Chapter 9. Experimental design

That said, our current discussion of experimental design only tangentially addresses some fundamental topics.  For example, we provide thorough discussion of power analysis for a variety of experimental designs (see later Chapters) to help researchers decide upon the appropriate level of replication (sample size) for their experiment. 

However, we provide little discussion of why experiments require replication, generally (although we elude to this in our discussion of sampling error in earlier chapters).  Likewise, we currently do not discuss how to select appropriate controls for an experiment (and when controls are necessary). 

Therefore, our treatment of experimental design assumes some prior knowledge.  We refer readers to Ruxton & Colegrave’s excellent book, “Experimental Design for the Life Sciences” for further support; as mentioned elsewhere, this book is written to be accessible to undergraduates, but I know faculty members who find this book for themselves. 

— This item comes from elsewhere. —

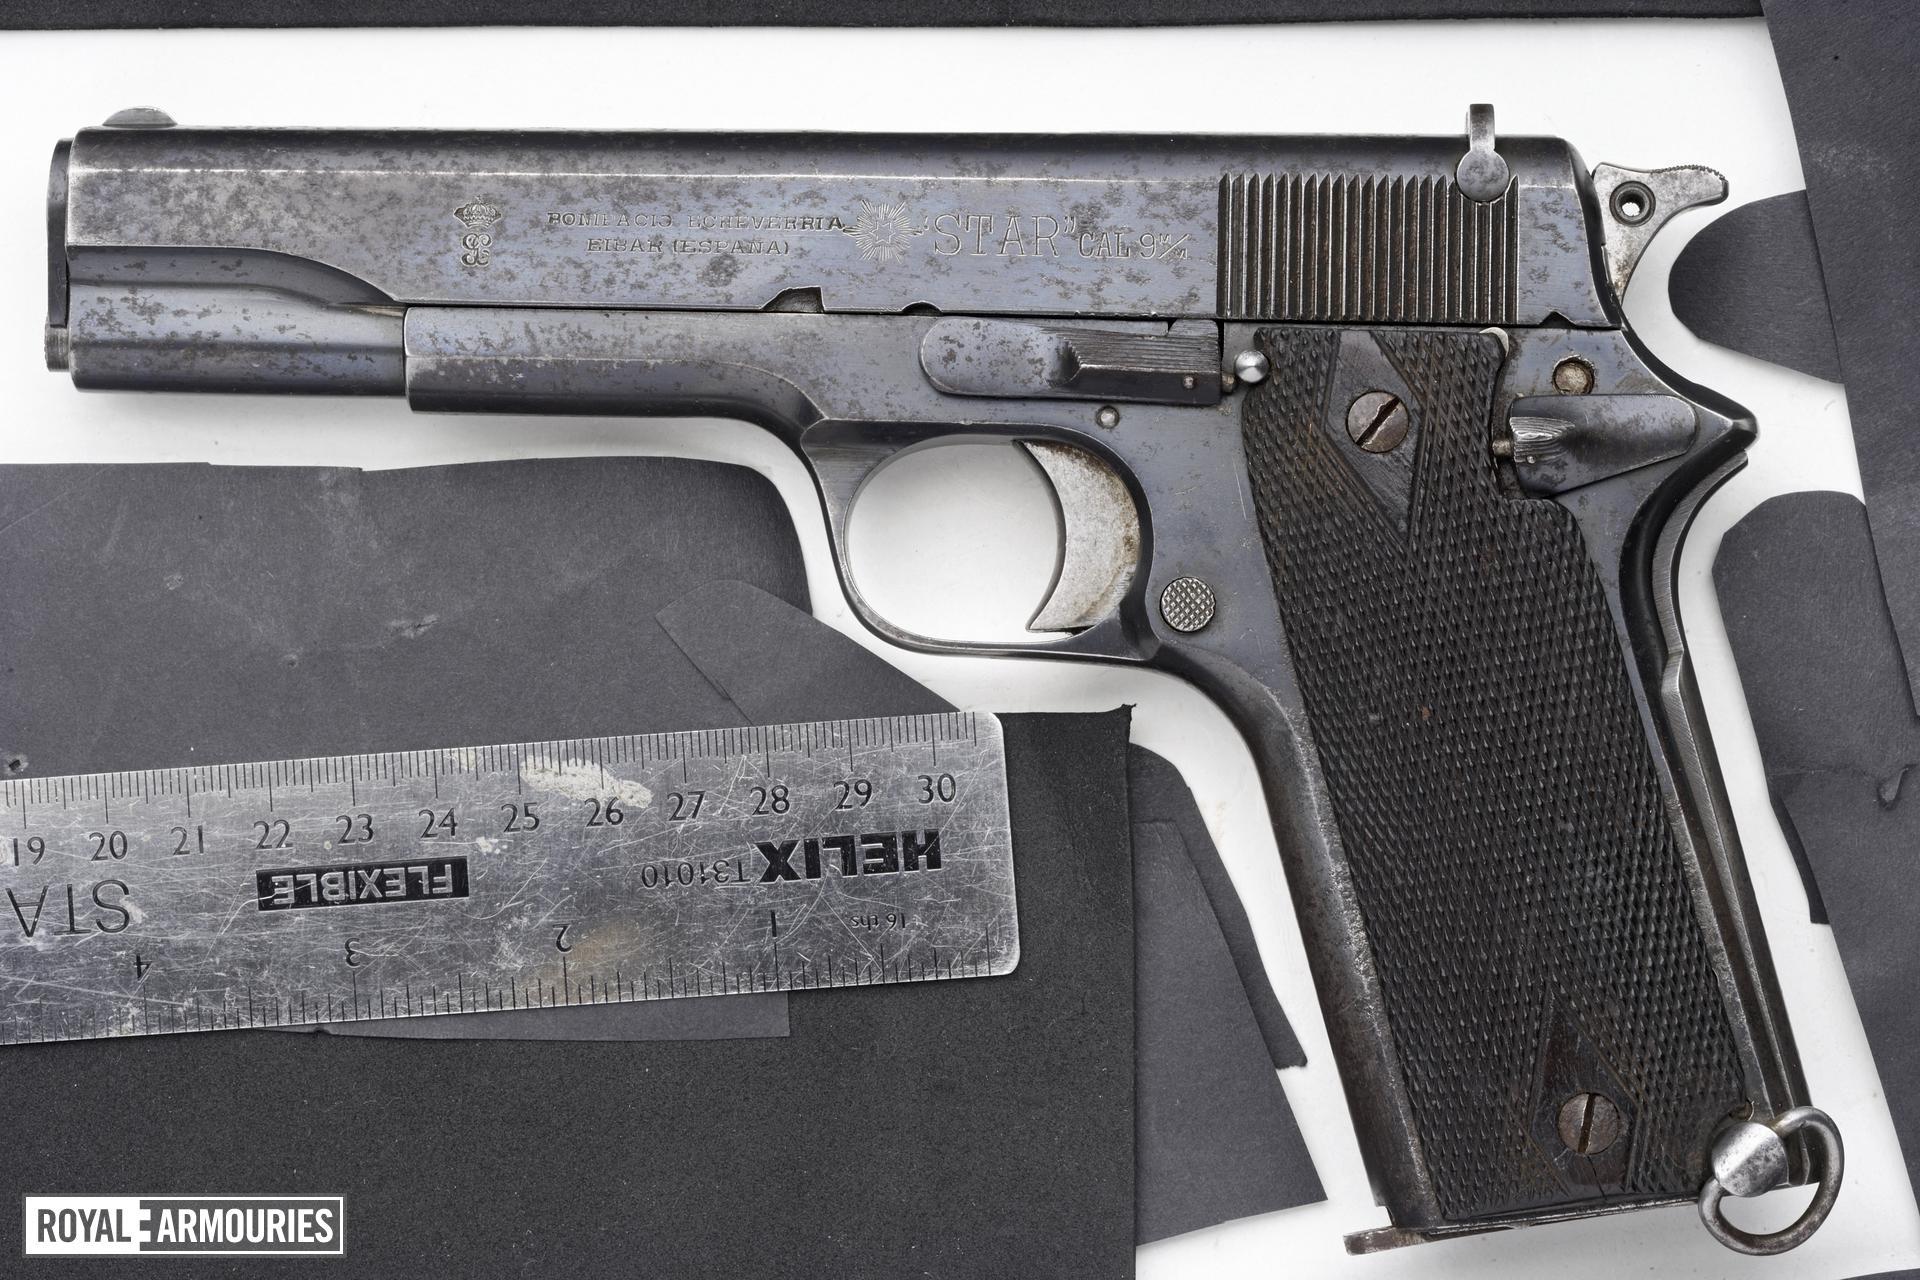 Centrefire self-loading pistol - Star Model 1921

Our treatment of experimental design addresses recommendations in recent literature with respect to designing experiments that use animal models.  That said, our content applies to experiments in biology, generally (e.g., physiology, ecology, evolution), beyond the use of animal models.

View examples of this here:

We focus on the following topics:

• Use of randomization.  ‘Randomization’ serves to eliminate bias, and is the most essential assumption in statistical tests.  We discuss not only the allocation subjects to treatments (the most common use of randomization), but also implementing randomization in all aspects of an experiment.
• Selecting materials (subjects) for an experiment to maximize an experiment’s ability to yield generalizable conclusions.  Note that ecologists and evolutionary biologists should, where applicable, also consider sampling methods for field research (i.e., done ‘in the wild’), which we do not discuss here.
• The importance of ‘blinding’ throughout an experiment; studies that lack blinding can yield surprisingly biased results.
• ‘Blocking’ as a means of accounting for unwanted variation in an experiment.  We introduce the techniques to analyze experiments with ‘block’ in Chapters that address analyses of multiple explanatory variables (i.e., Chapters, “Analyzing experiments with more than 1 factor”, “Mixed effects models”, and “Understanding covariates:  …”).
• ‘Covariates’ as a way of dealing with, and understanding additional sources of variation in an experiment.  We address techniques to analyze experiments with covariates in the Chapter, “Understanding covariates:  …”.